*What you have to do*. Pictures are to be left out; every line from the one that holds "Vinröd klänning med" to the end of the data is to be retyped exactly.

*Supplied material*.
'''

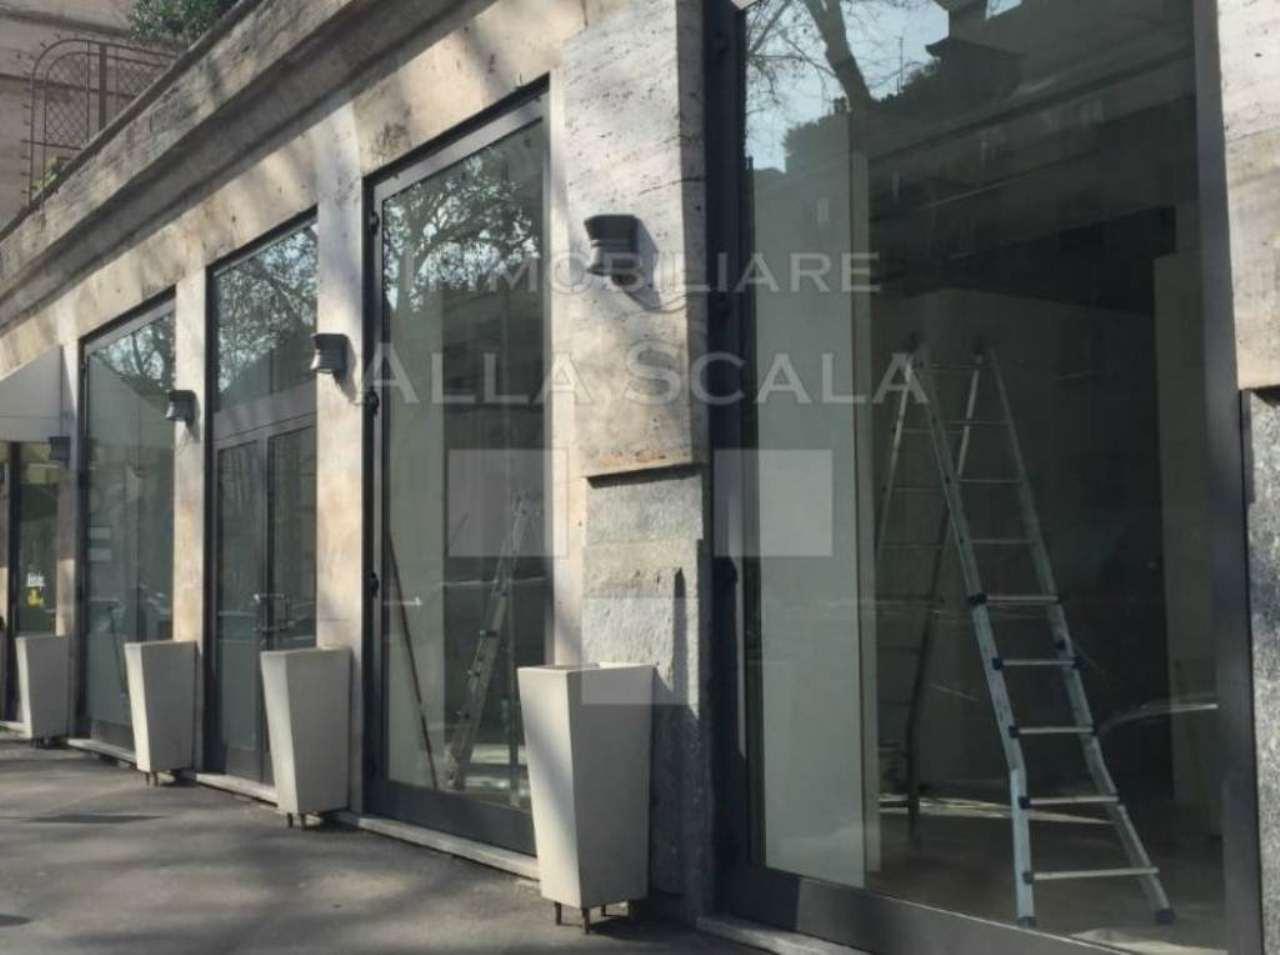 Negozio / Locale in affitto a Milano, 2 locali, zona Zona: 1 . Centro Storico, Duomo, Brera, Cadorna, Cattolica, prezzo € 8.000 | CambioCasa.it
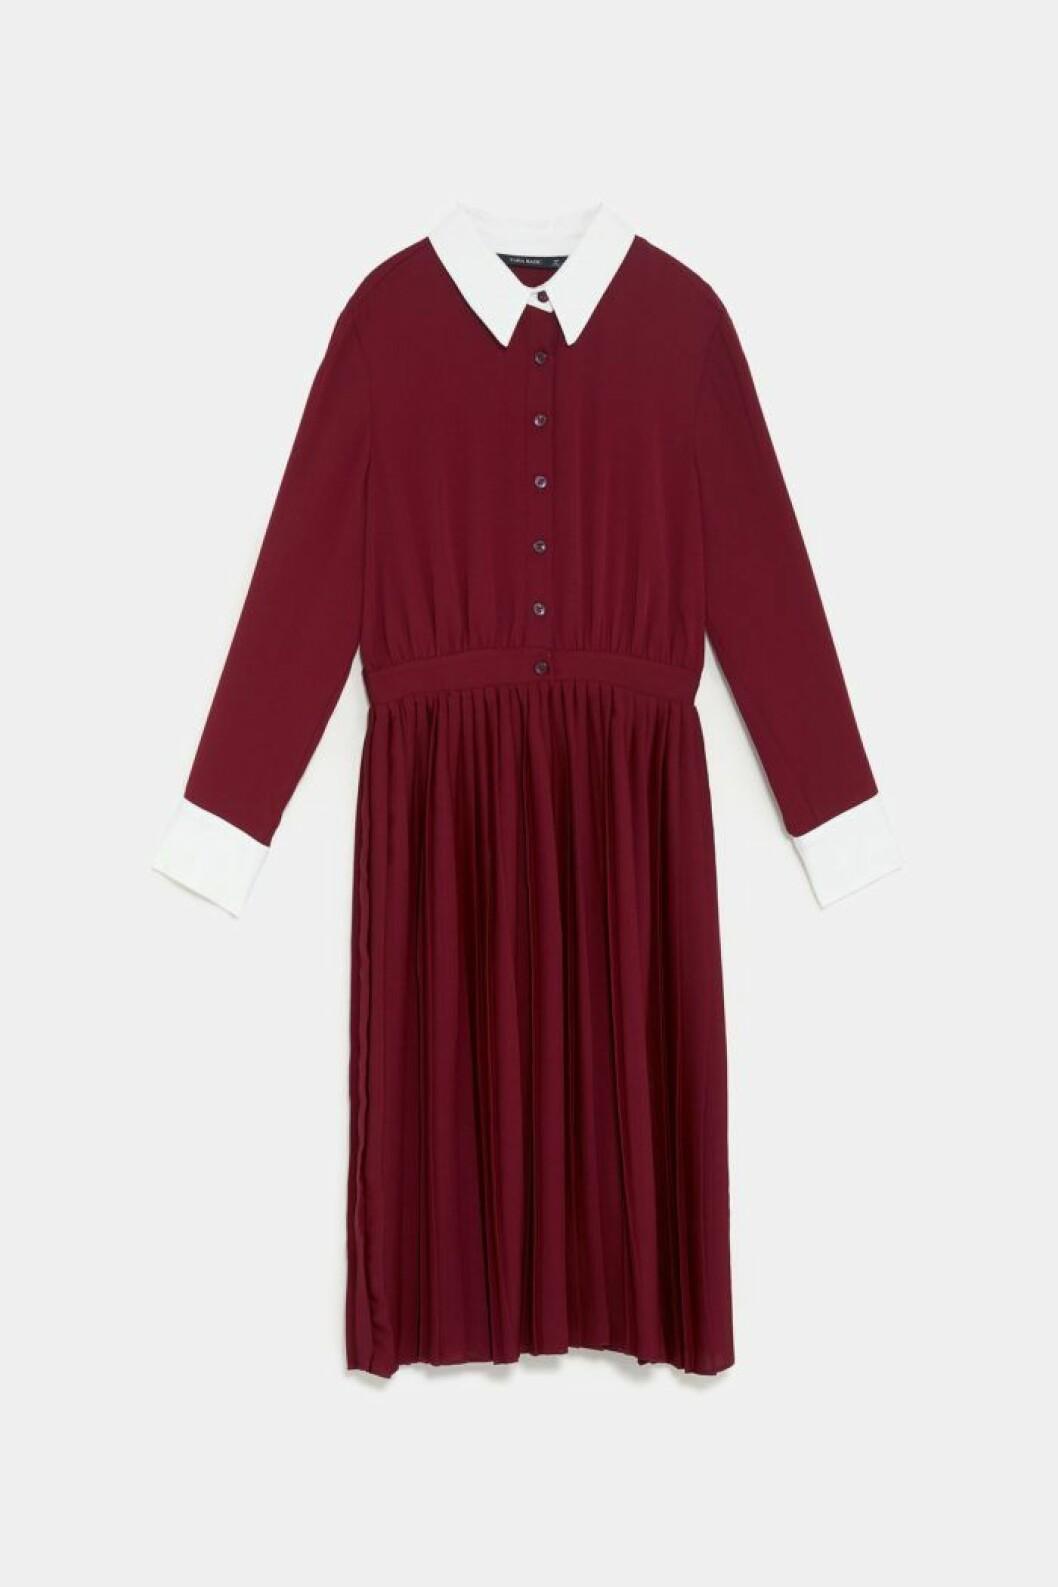 Vinröd klänning med vit krage och vita manschetter
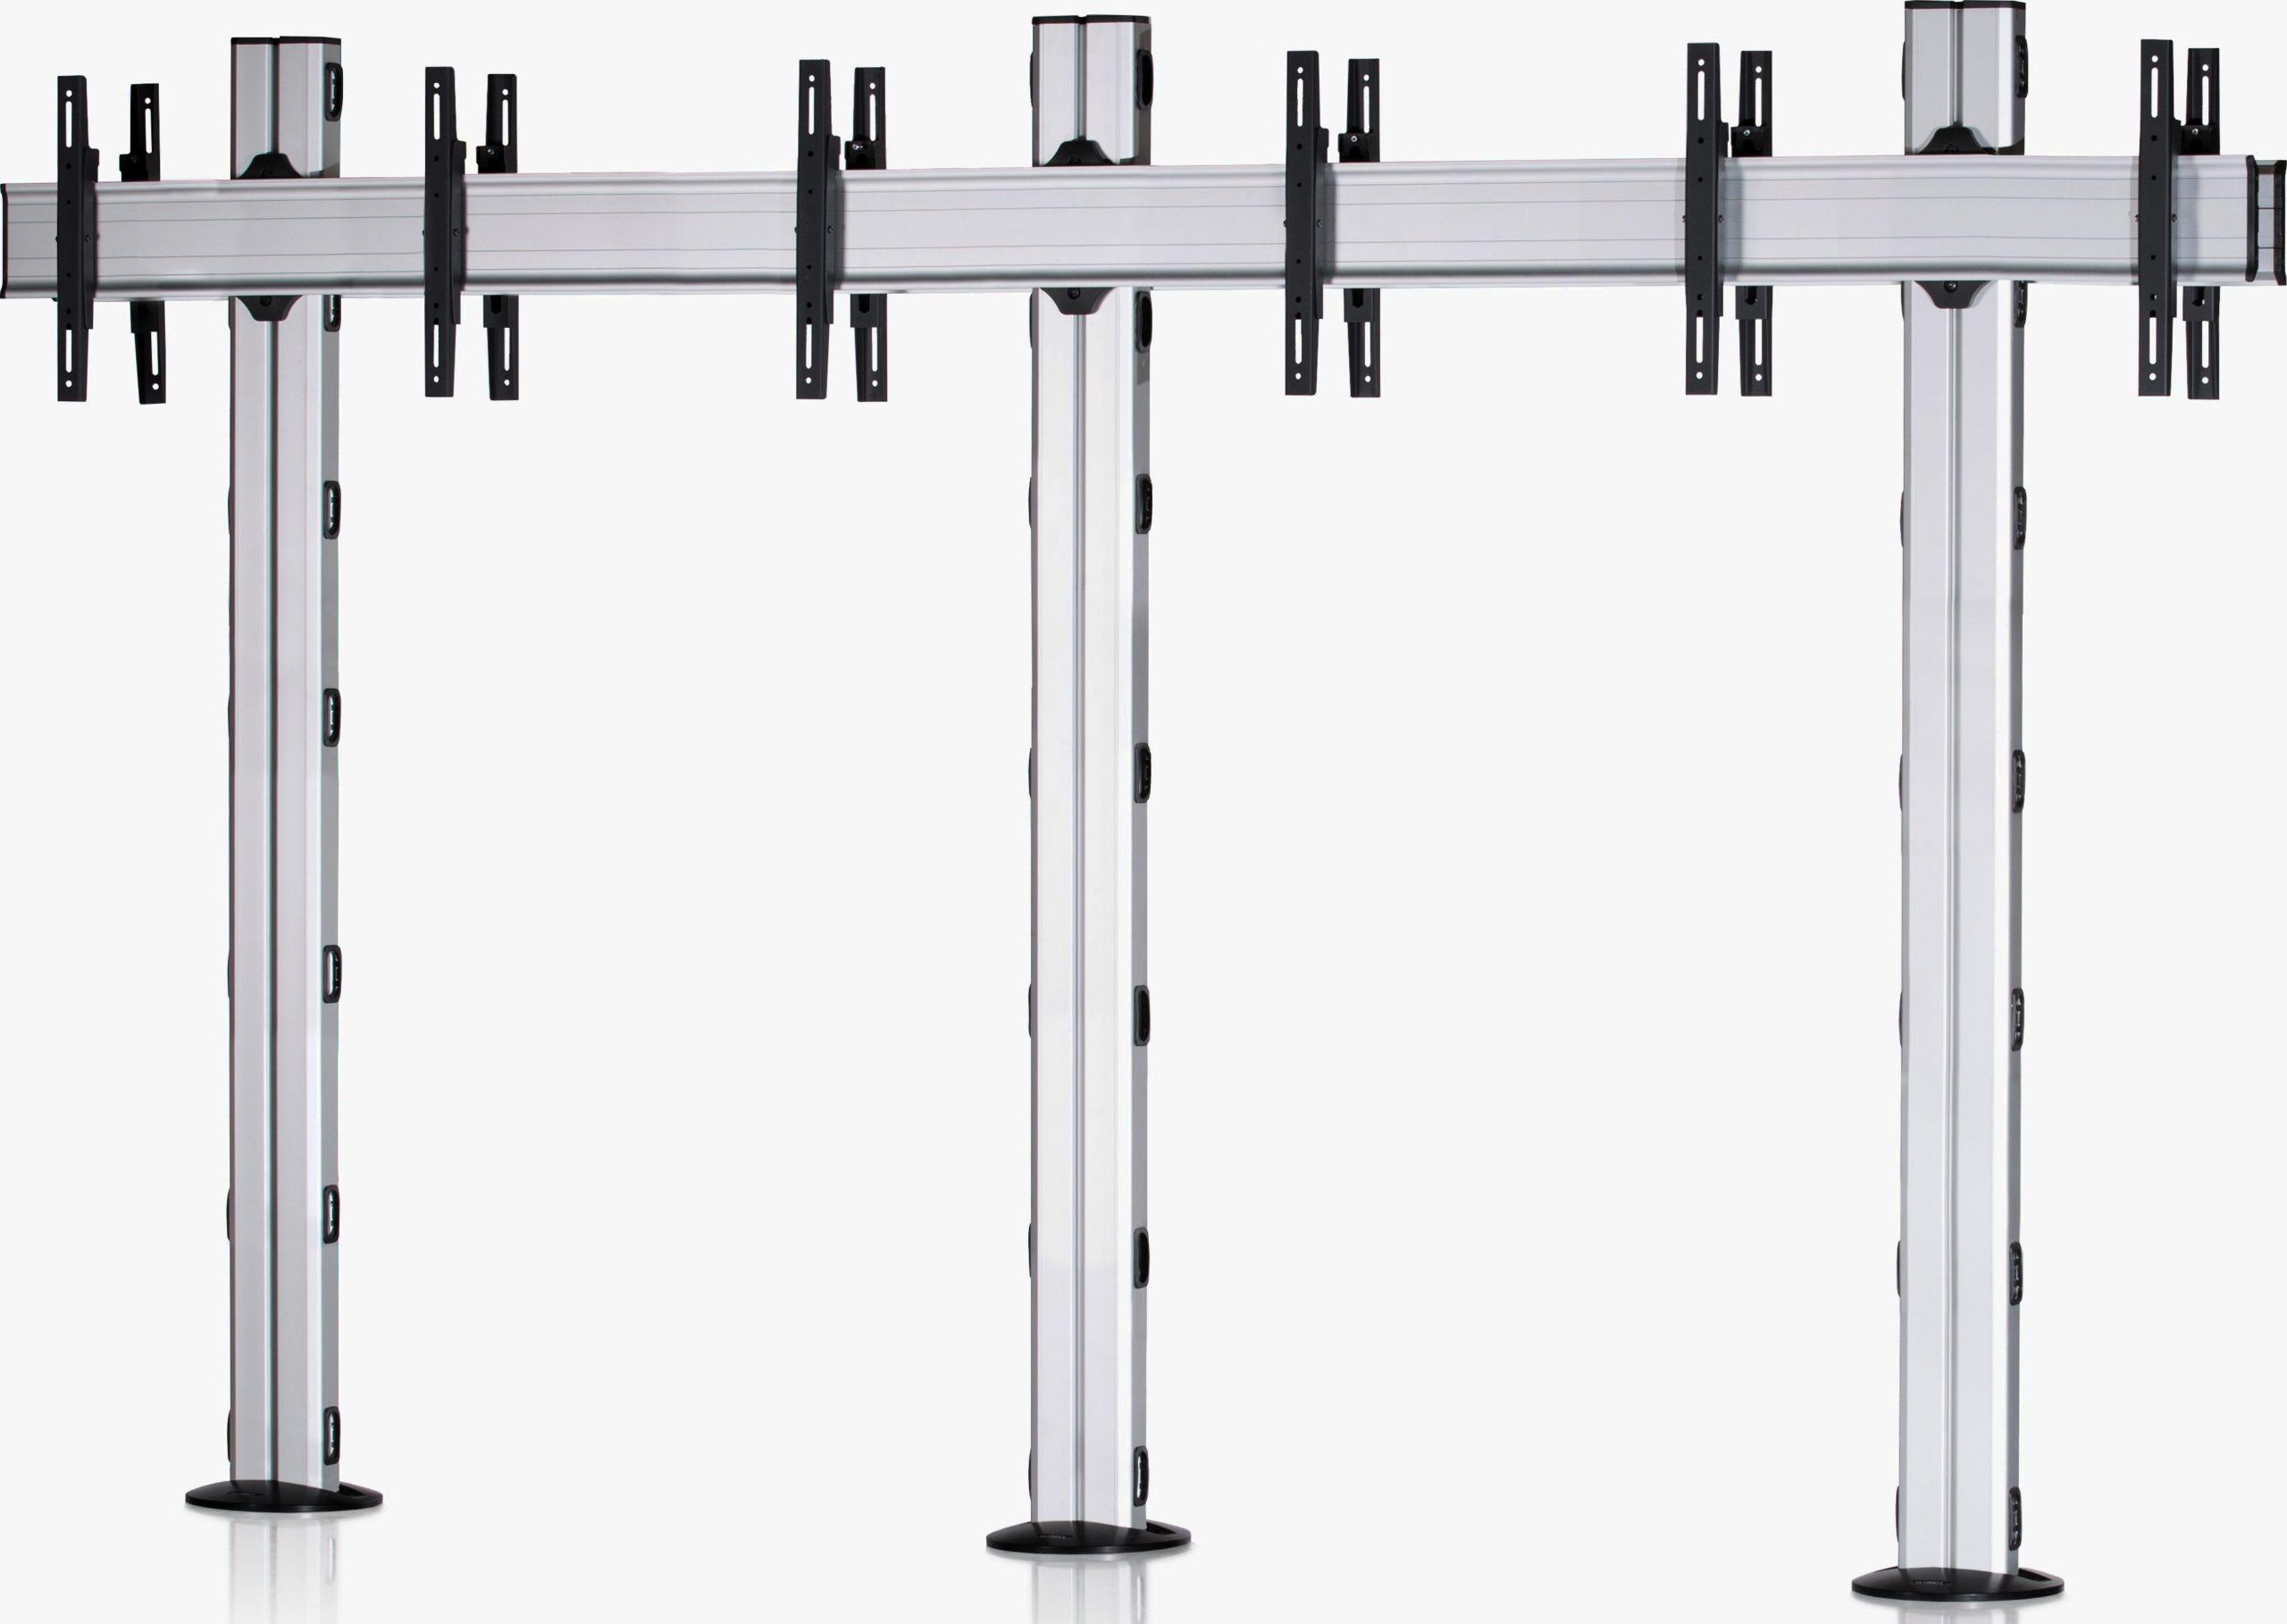 6 Displays 1×3 beidseitig, für große Bildschirme, Standard-VESA, zur Bodenbefestigung

'''

*Response to the task*.
 Vinröd klänning med vit krage och vita manschetter
 6 Displays 1×3 beidseitig, für große Bildschirme, Standard-VESA, zur Bodenbefestigung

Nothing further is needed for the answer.